The system doesn’t have any pop-up clinics planned but is continuing to offer walk-in vaccinations at seven locations, as well as encouraging vaccination through primary care providers.

“Folks listen to their doctors so we think that’s the logical place to go next with this group that still has questions,” Porter said.

At MaineGeneral Health, which includes hospitals in Augusta and Waterville and a network of physician practices throughout the Kennebec Valley area, a mass vaccination clinic was decommissioned this month but efforts to get shots out are continuing through appointments at primary care practices and pop-up clinics at community locations.

Both Pfizer and Moderna shots are being offered at the pop-up clinics and no appointment is necessary. While attendance at recent clinics has hovered around 20 people or less, Joy McKenna, a spokeswoman for MaineGeneral, said the system does feel there is growing interest in communities.

“We have been thanked by those who have come to get vaccinated, saying they appreciate the opportunity to get their vaccinations in their own community,” McKenna said in an email.
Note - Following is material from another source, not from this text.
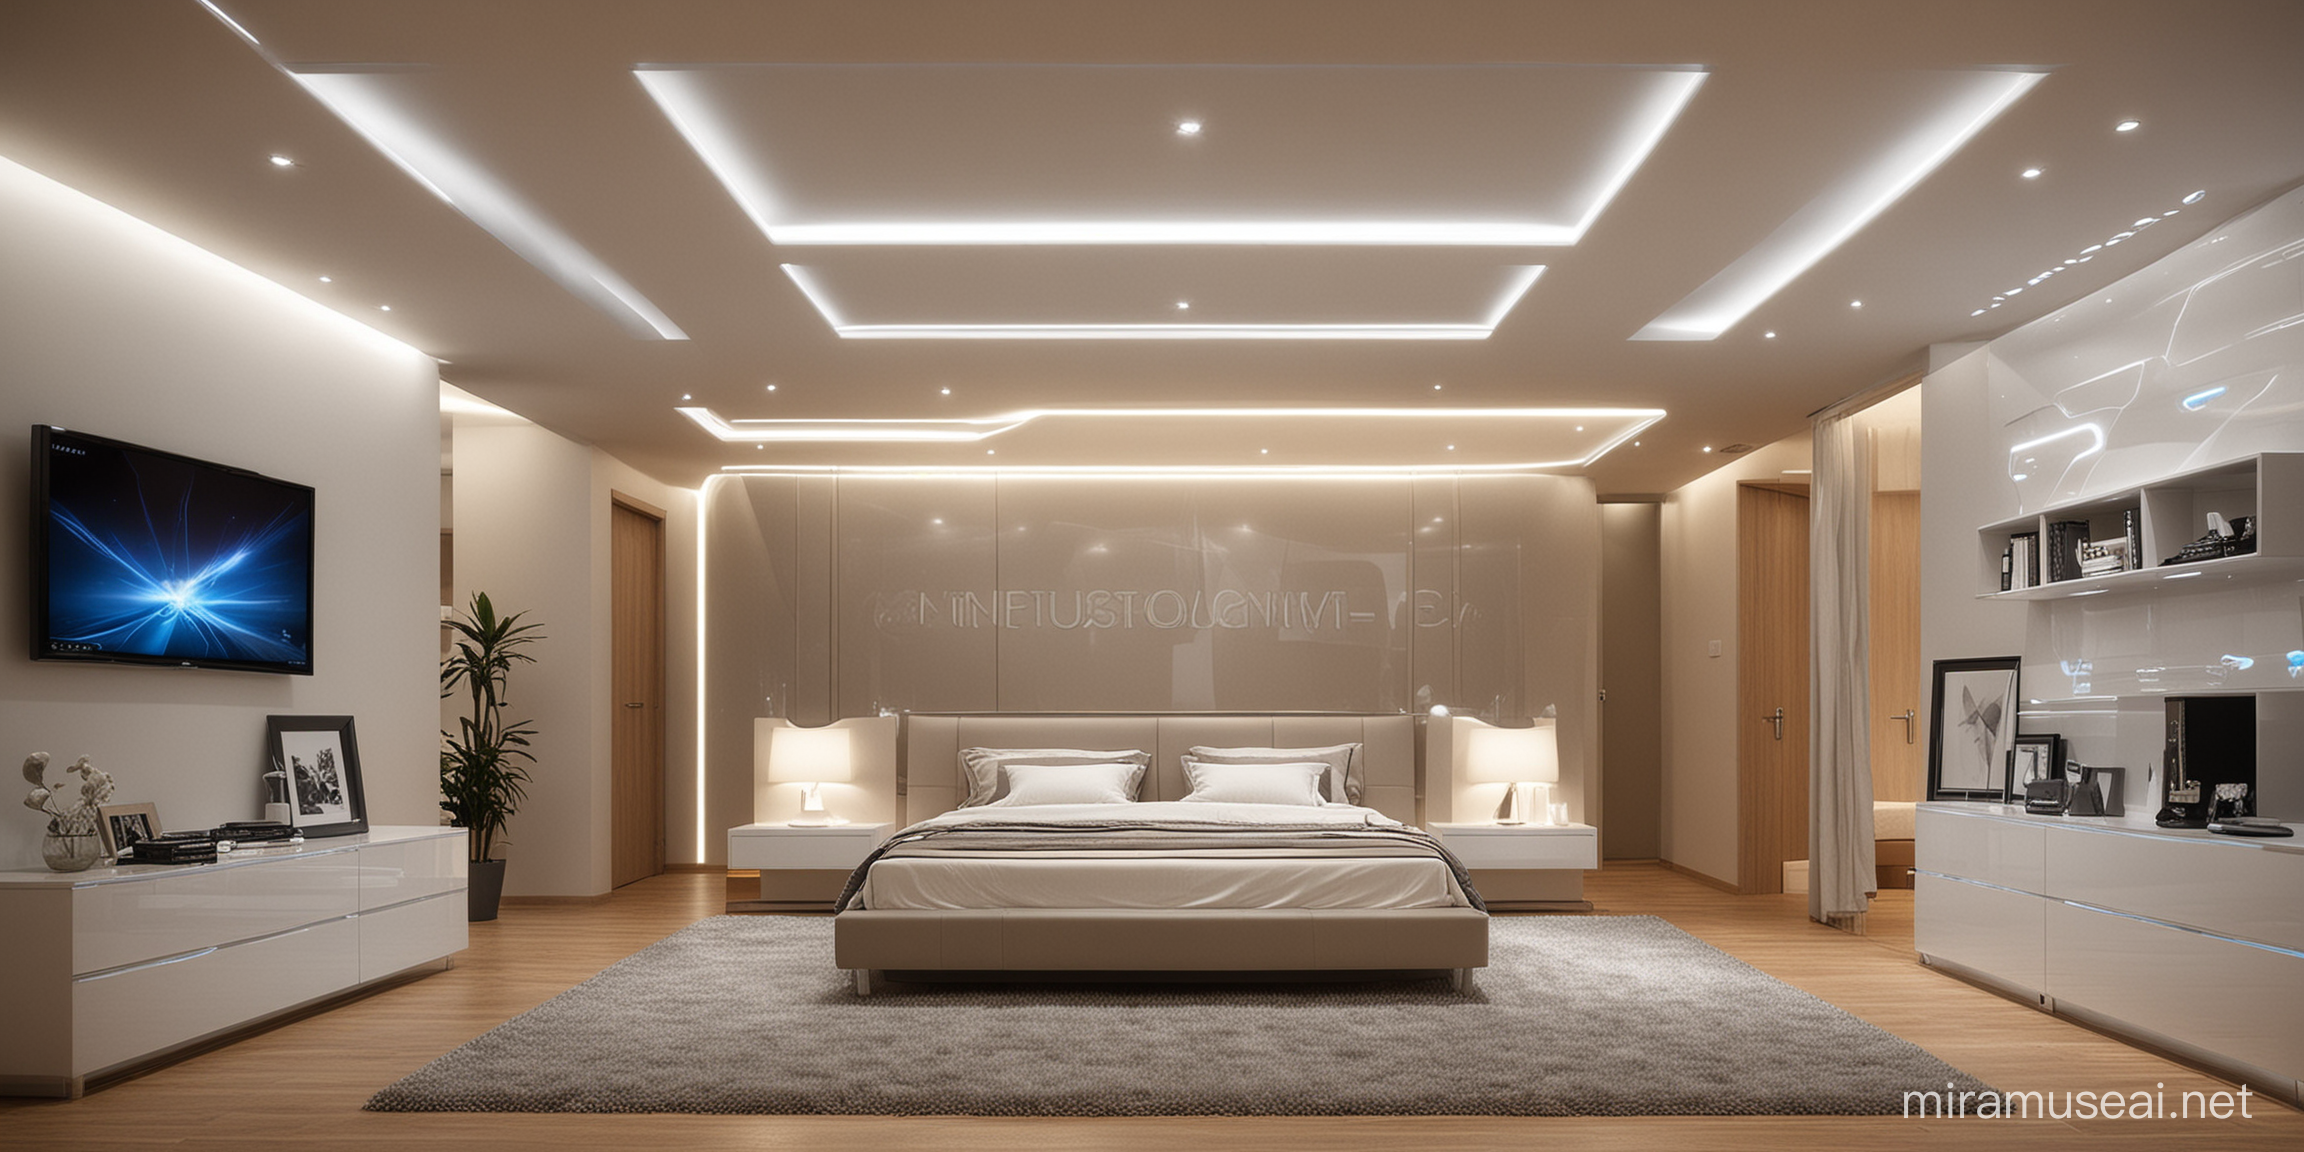 Futuristic Interior Bedroom with LED Ceiling Light

Earl Boyd, a registered nurse with MaineGeneral Hospital, administers the first of two doses of the Pfizer vaccine to Jay Galusha at the Clinton Fire and Rescue building in Clinton on Thursday. Michael G. Seamans/Morning Sentinel

At a pop-up clinic in Clinton Thursday, MaineGeneral vaccinated 20 people. Jay Galusha, who owns a grocery store near the clinic location at the Clinton fire station, said the convenience of the site was what prompted him to get his first shot of the Moderna vaccine there.

Galusha, 53, said he held off on getting vaccinated for a long time because he takes immunosuppressant drugs as the result of a kidney transplant years ago and wasn’t sure how the vaccine would impact his health.
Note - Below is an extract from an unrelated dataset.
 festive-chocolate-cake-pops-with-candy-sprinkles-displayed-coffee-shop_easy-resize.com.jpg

“I wasn’t too worried about getting sick from COVID, I was more apprehensive about getting sick after the shot,” he said.

On top of that he said he has been short-staffed at his store and has had to work extra hours to stay open.

“I didn’t want to take a chance on missing a day of work because I was sick,” Galusha said.

In addition to the convenience, Galusha said he also was motivated to get vaccinated in hopes he might be able to visit his camp on Prince Edward Island soon. Canada announced this week that it plans to open its border to the U.S. next month, but for now only to fully vaccinated Americans.

On Friday, Galusha said he was experiencing some soreness in his arm but was otherwise feeling fine.

“If it hadn’t been for it being at the fire station right next door to me I probably wouldn’t have gotten it,” he said. “It’s just I didn’t want the hassle of making an appointment and finding a place. … Having it next door to me was really a no-brainer.”